O advogado de defesa argumentou que o acusado trouxe uma testemunha que confirmou o álibi do acusado.

Nos argumentos apresentados na tribuna, o criminalista considerou a manifestação do promotor de justiça do júri, sobre insuficiência de provas.


O promotor disse, ao se manifestar, que a Polícia Civil não ouviu testemunhas importantes que podiam contribuir na elucidação do crime, concluindo o inquérito sem ter prova cabal da autoria.


Por fim, o promotor deixou a critério da consciência dos jurados analisar os fatos e votar conforme suas convicções.

No total, foram ouvidas durante o júri três testemunhas, entre elas o delegado, que deu prosseguimento ao inquérito, após ficar parado por nove anos. Após a autoridade policial conclui-lo, foi enviado os autos à Vara do Júri.

Em interrogatório, o réu negou ter feito os disparos de arma de fogo, revelando que chegou a ouvir os disparos de arma de fogo.


Disse que no momento do crime, estava em outro local, na companhia de amigos que podiam confirmar.
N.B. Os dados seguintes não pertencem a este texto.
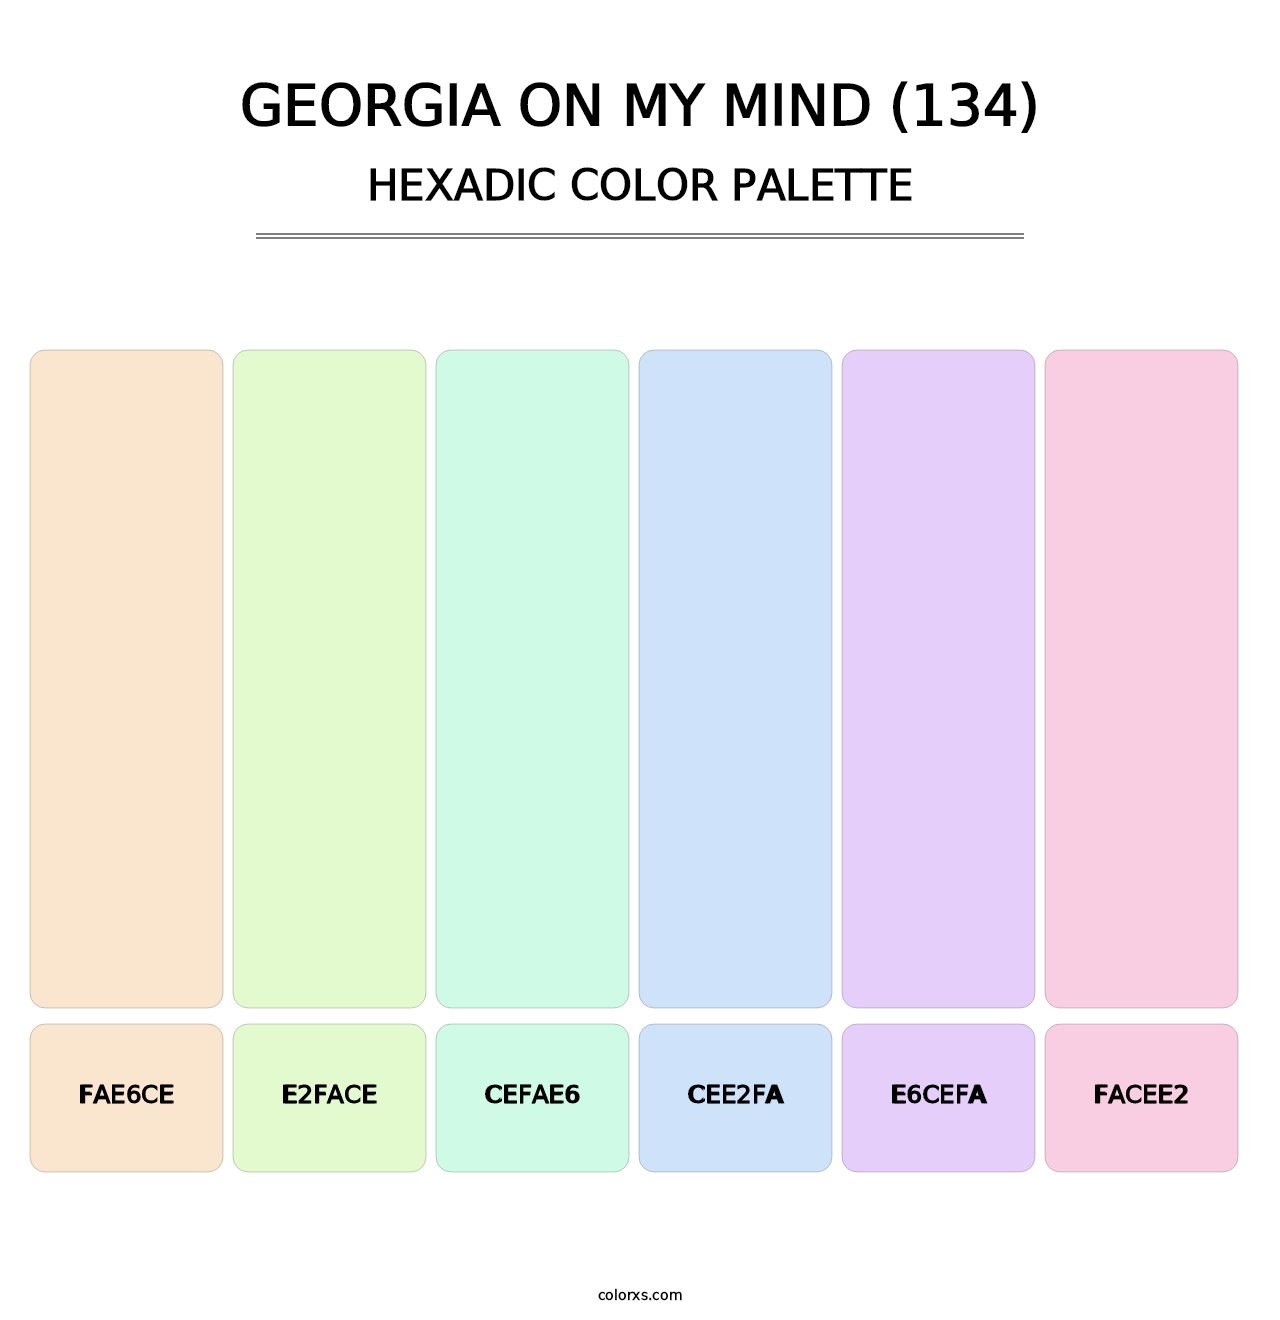 Georgia On My Mind (134) - Hexadic Color Palette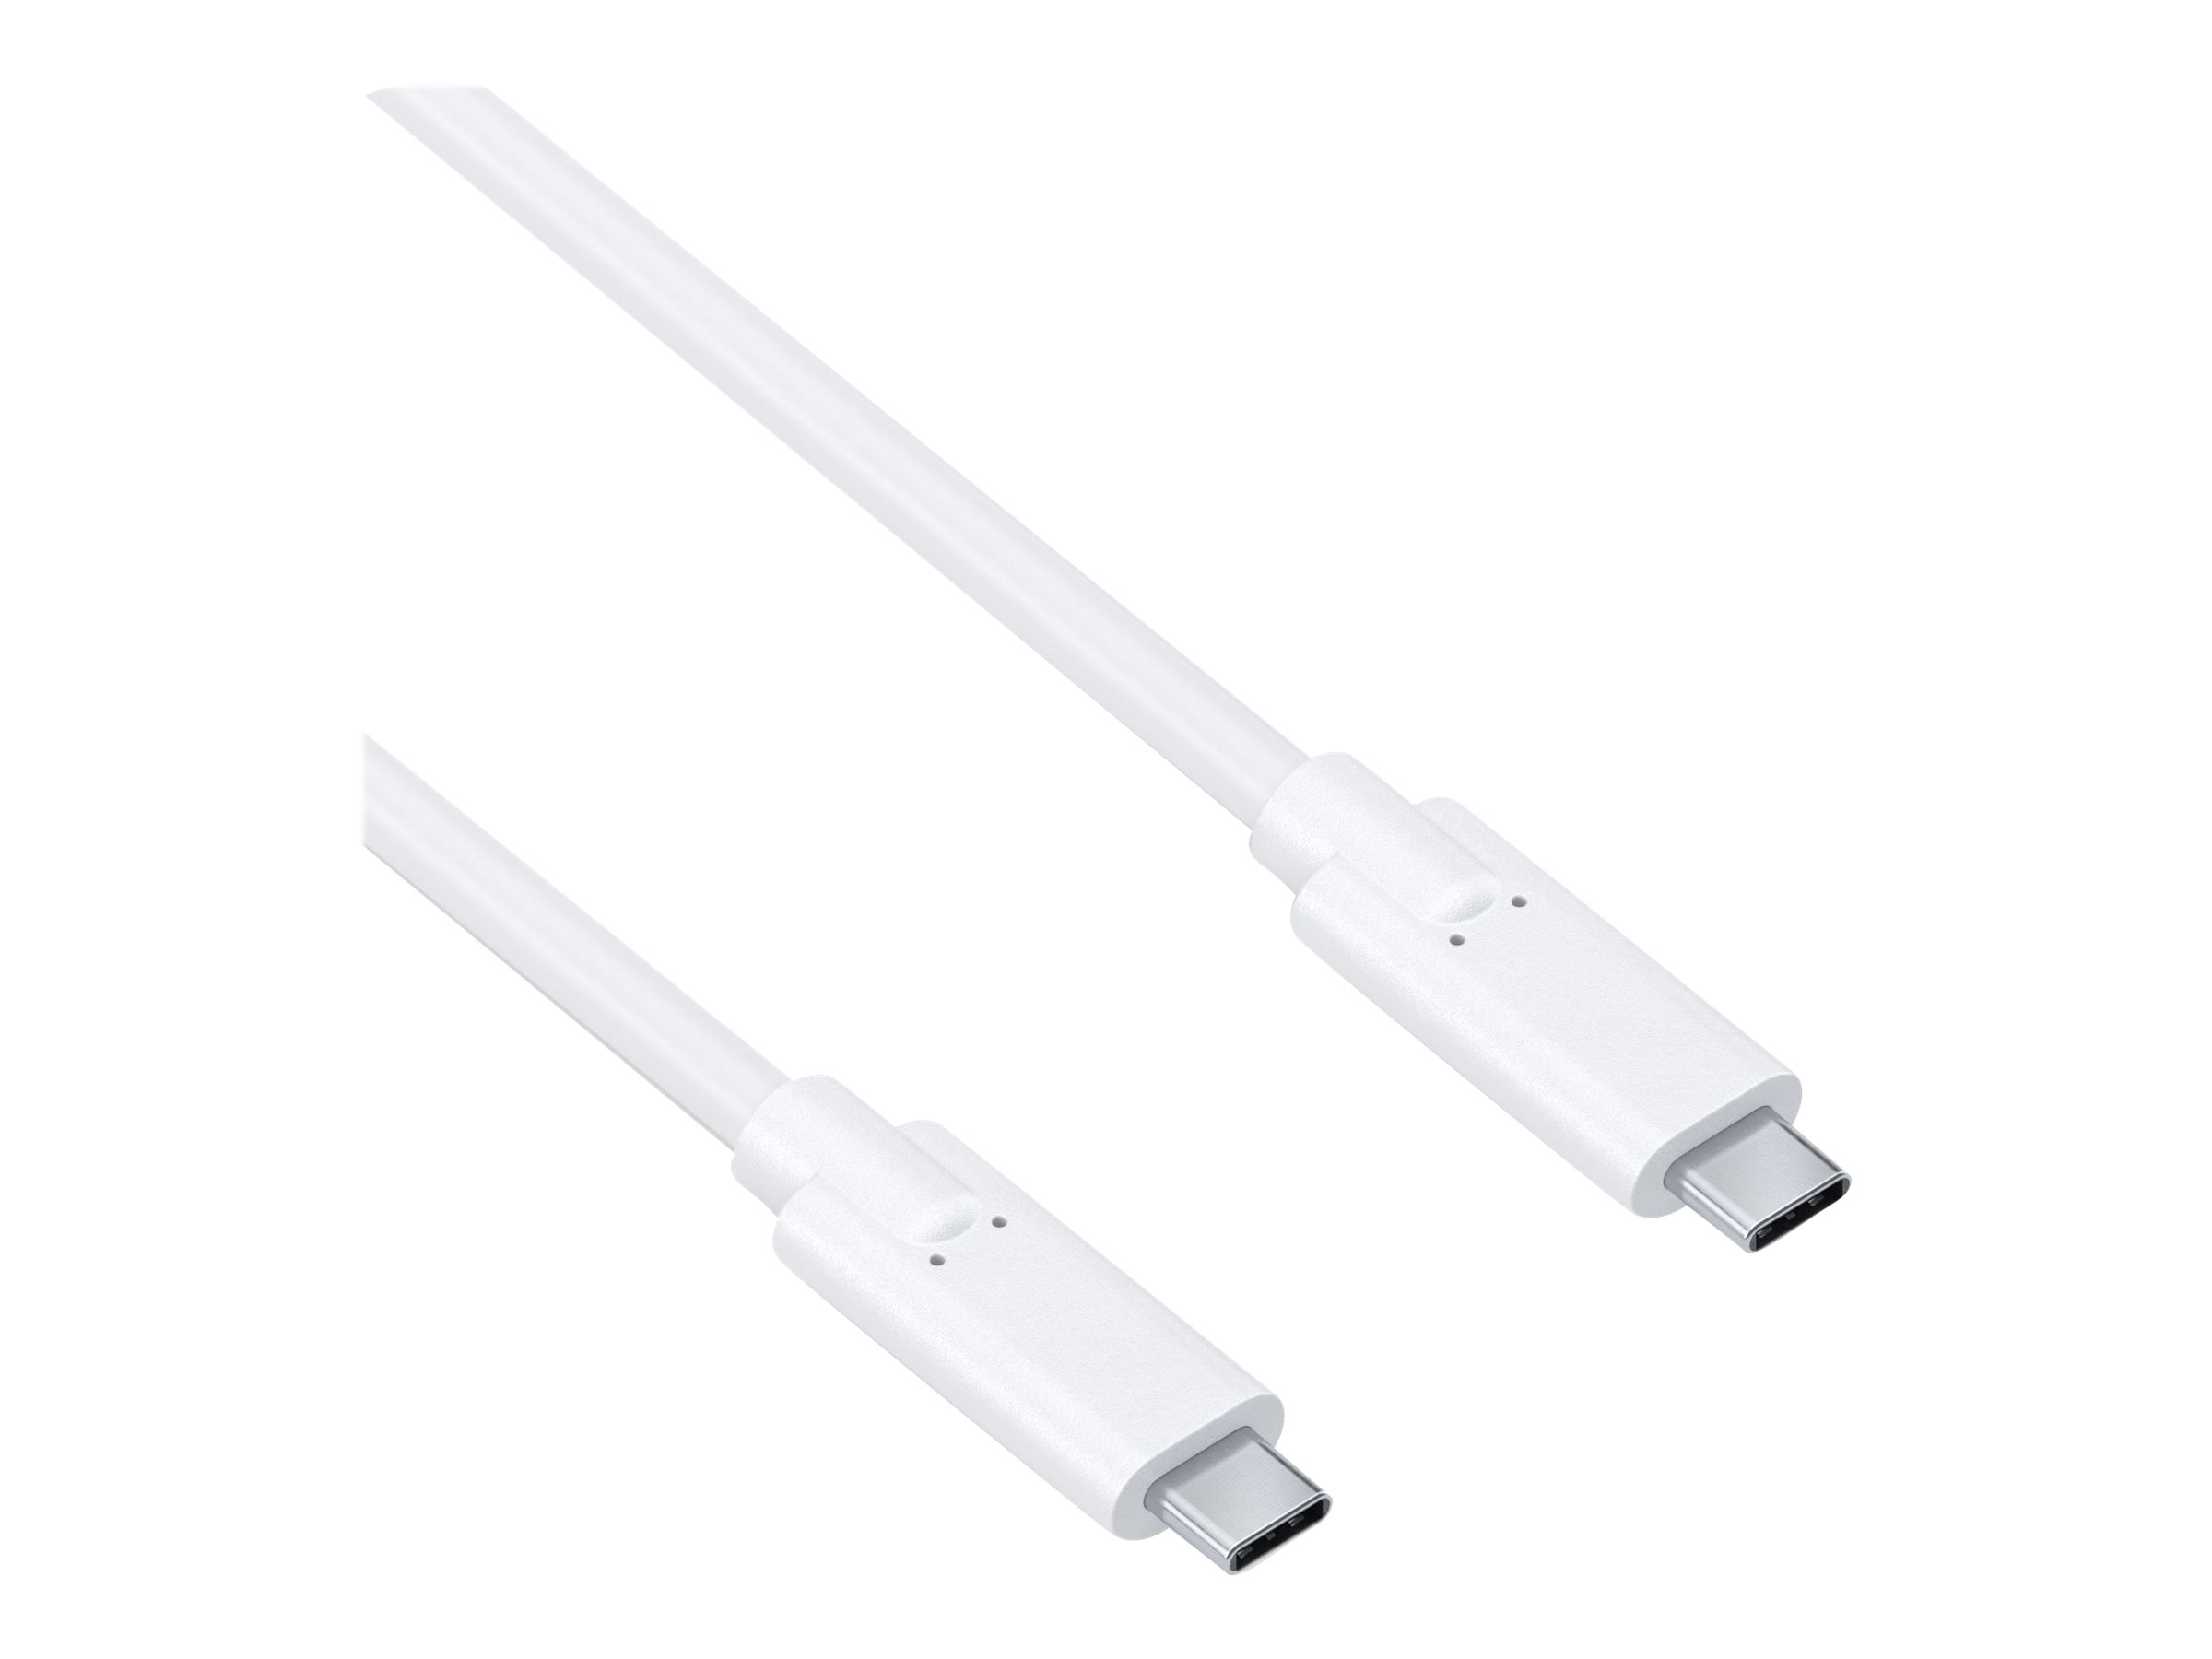 PureLink IS2500-015 - Premium USB 3.2 (Gen 1) USB-C Kabel - 1,50m - Weiss

Uma dessas pessoas compareceu ao júri e confirmou o álibi.

Consta na denúncia que a vítima estava numa festa, localizada na rua Carlos da Fonseca, após o dono do bar avisar aos frequentadores sobre o fechamento do local.


A vítima e um amigo deixaram o estabelecimento em direção de sua residência quando foi perseguida e alvejada por quatro disparos de arma de fogo, morrendo no local.

O inquérito foi concluído após a Polícia Civil ouvir o dono do bar, remetendo à Justiça com indiciamento do acusado citado desde o começo do inquérito.


O Ministério Público remeteu de volta para mais investigações, como inquirição do irmão da testemunha e reinquirição de outras testemunhas que estavam no local, e por elas não sido localizadas, o processo foi reenviado à Justiça.